The Internet is an international network of computer networks, a
means of transfering files and information. About a million
computers (about 20 million people) are connected. Usage doubles
every ten months. The Internet could be a boon to writers. Many
are using it already. Amongst the facilities offered are
Resources
As texts come out of copyright they're being
scanned in and made available on the Net. Works ranging in
popularity from the Bible to (for example) Merry's The Picture of
Paris (1790) can be read and searched as easily as files on your
own machine. It's as if your machine contained a huge library of
books.
Publishing
Just as the DTP revolution helped to democratize and
demystify printing, so the internet does the same for distribution.
It's easy to 'publish' your book -- if you put a copy of your files in
the right place then anyone on the internet can look at your work
as easily as they can look at their own files. Various literary
magazines already exist on the net -- one or two even pay! Of
course the magazines are free, but since the publishing and
distribution costs are minimal, the magazines are far cheaper to
run than paper magazines. Their readership is also far higher -- a
new magazine is likely to be downloaded by well over a thousand
people in the first fortnight alone. Letters electronically mailed to
the editor can be added to the current edition, rather than
subsequent ones.
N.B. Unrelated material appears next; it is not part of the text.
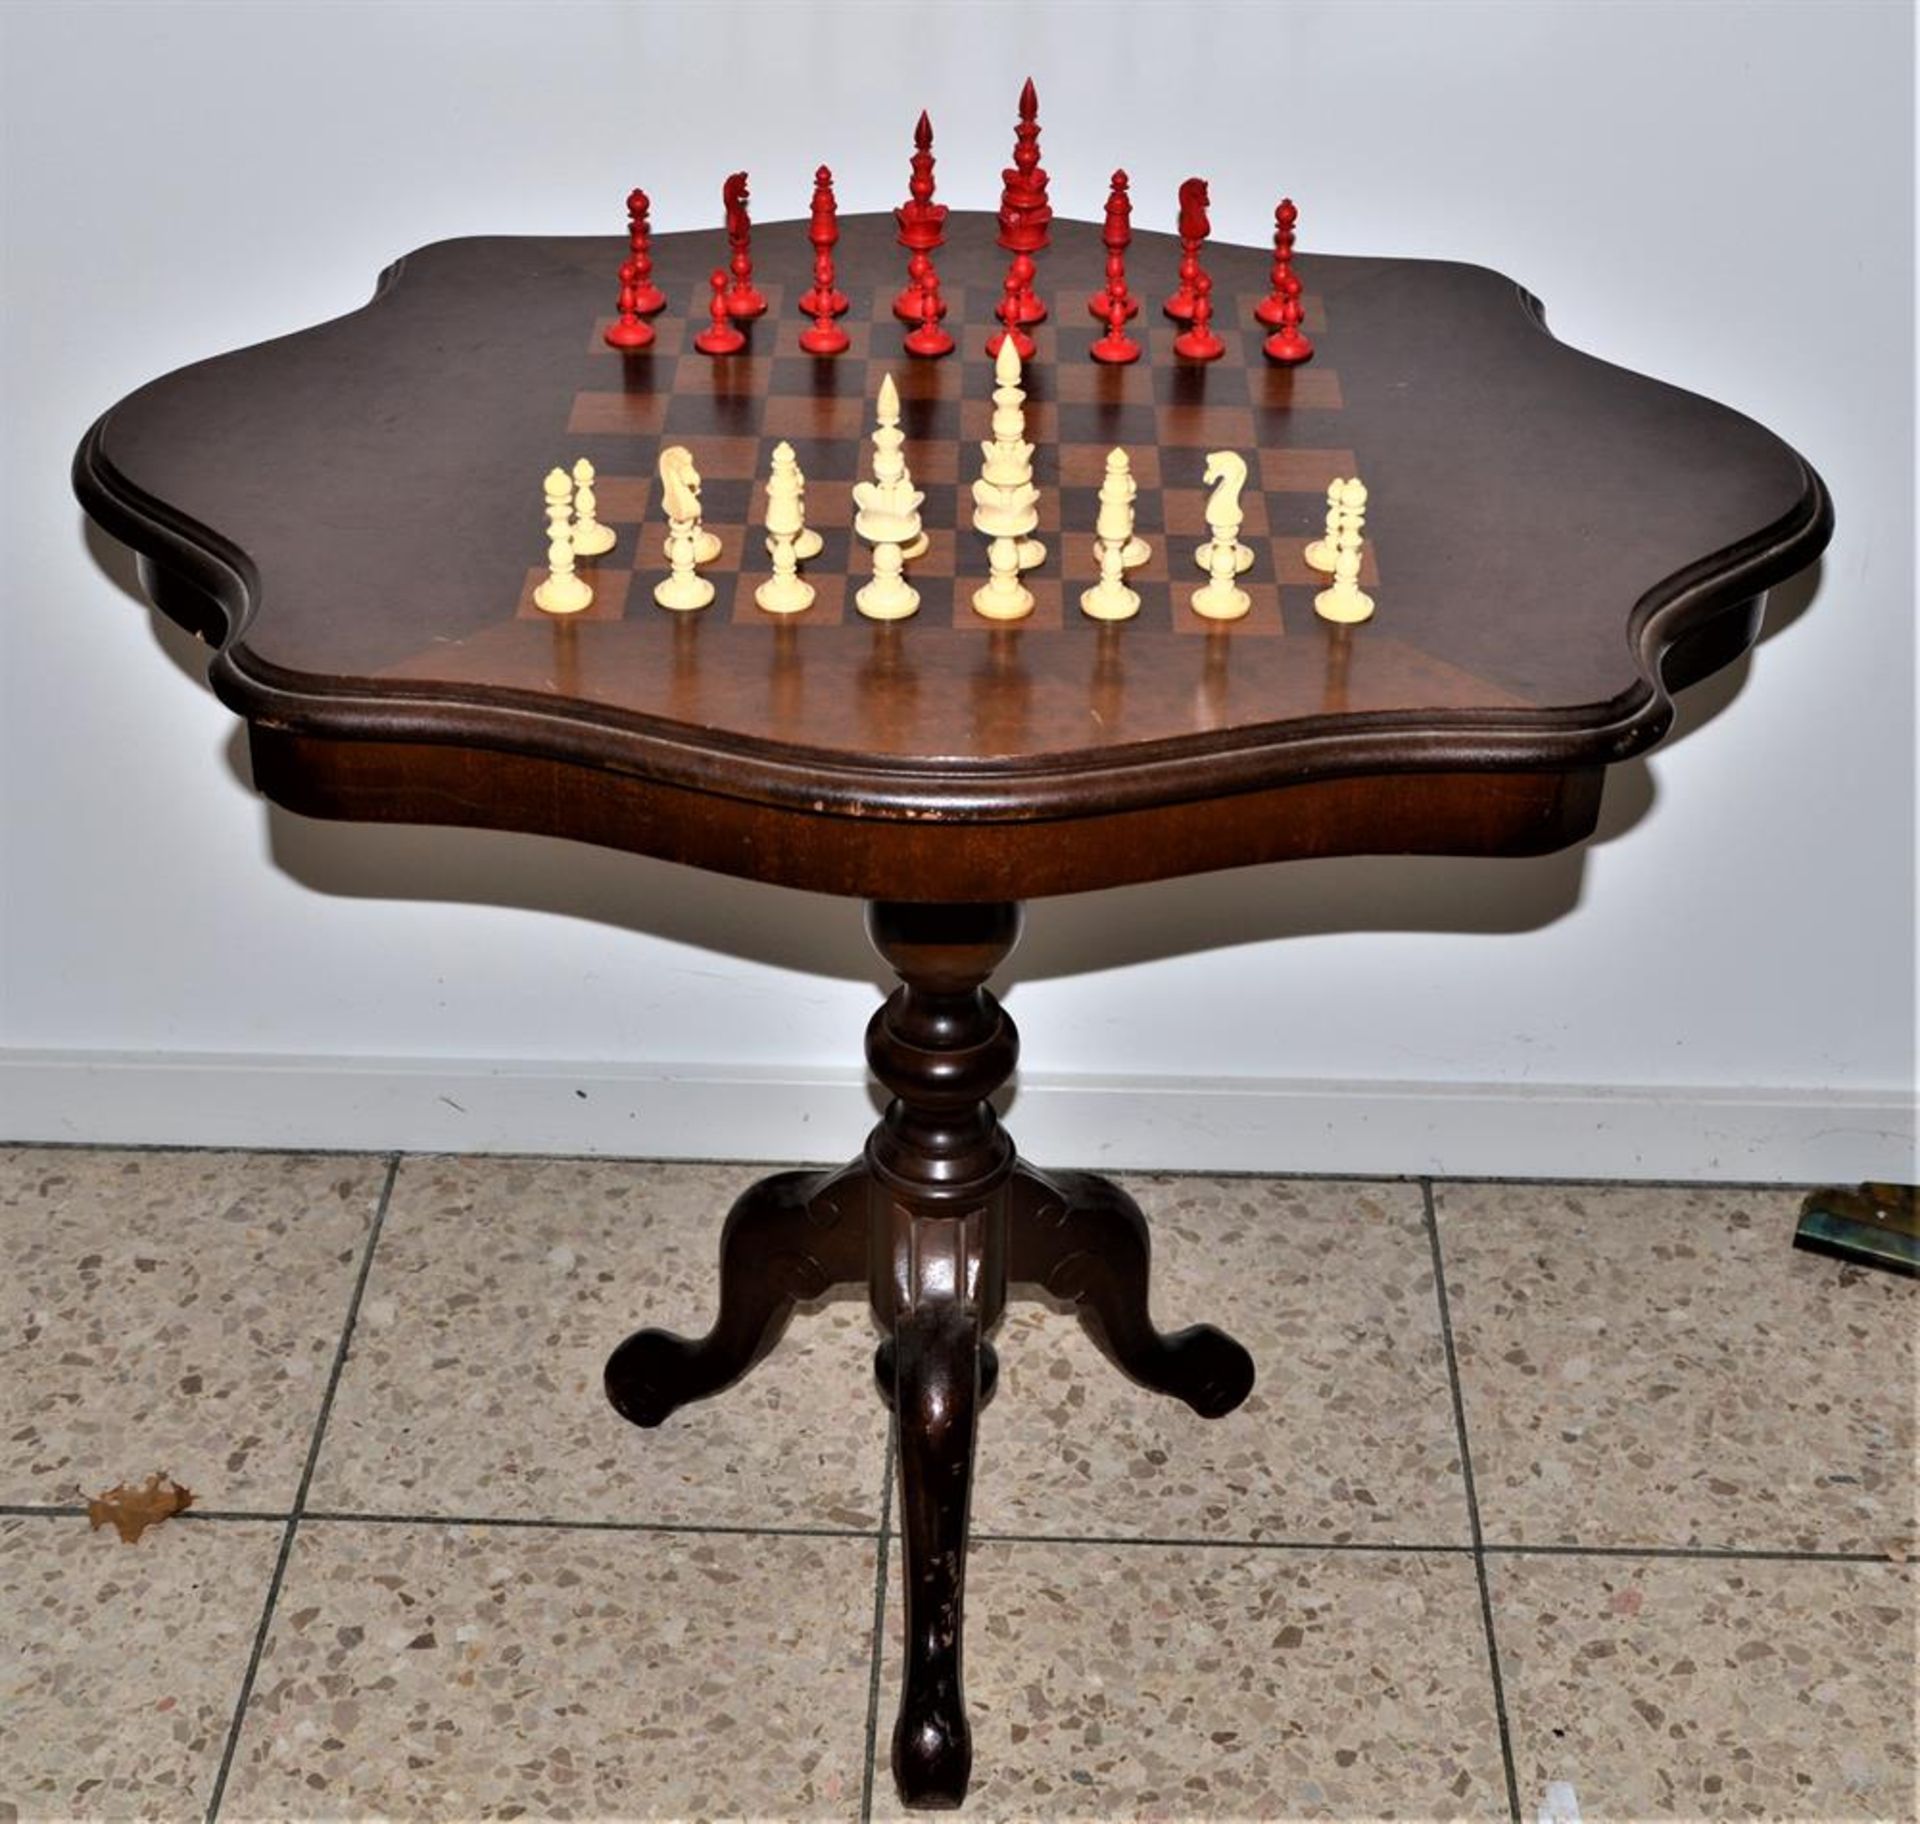 Schachtisch mit alten aus Bein geschnitzten Schachfiguren rot weiß Anfang 20 Jhdt, Spielanleitung
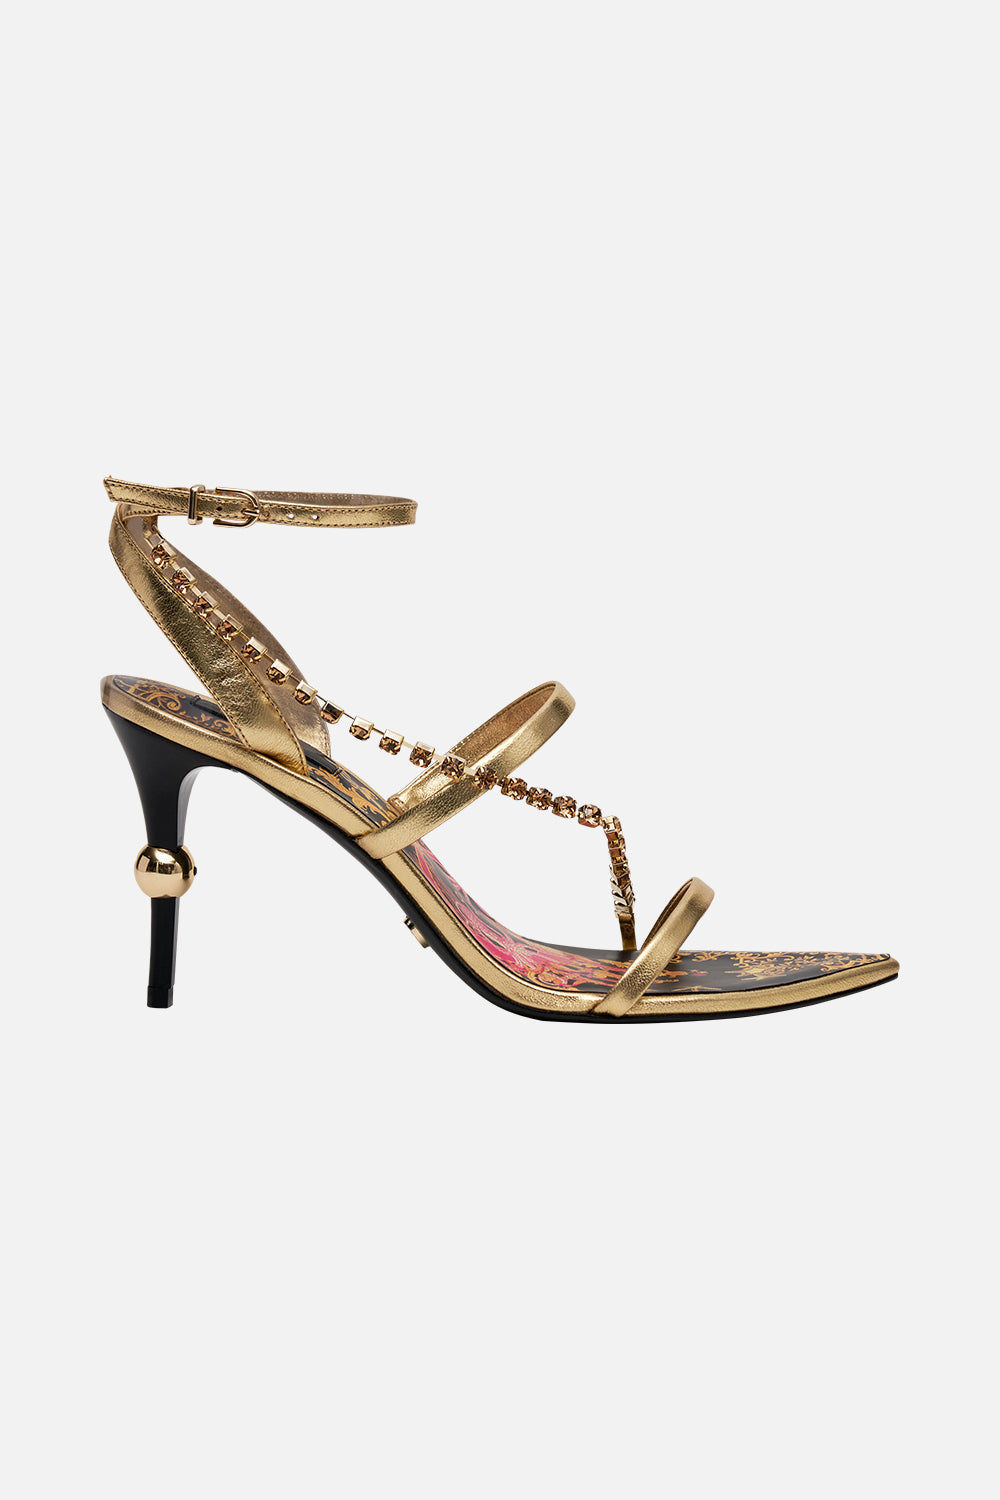 Sandal Women Spike Heel Gold | Gold Buckle Sandals | Women's Sandals -  Brand Woman Heel - Aliexpress

Typos can be immediately corrected as well. It's
too early to predict what implications all this will have for books,
but remember how quickly classical LPs disappeared once CD
players became sufficiently cheap?
Workshops
What do you hate about workshops? Their
infrequency? The chore of traveling to them? The lack of a text in
front of you? The lack of time for considered comment? The
people who go to them?
The internet and e-mail offer a way for distant writers to keep in
touch, exchanging poems and comments at their leisure. The
distractions of the local writers circle disappear. You can e-mail to
a small, scattered coterie of friends or, if you're brave, post poems
to a computer 'bulletinboard' for all to read and comment upon.
I've been wary of computer hype in the past, but recent
improvements in speed, cost and especially ease-of-use of the
internet have already turned last year's wild prophecies into fact.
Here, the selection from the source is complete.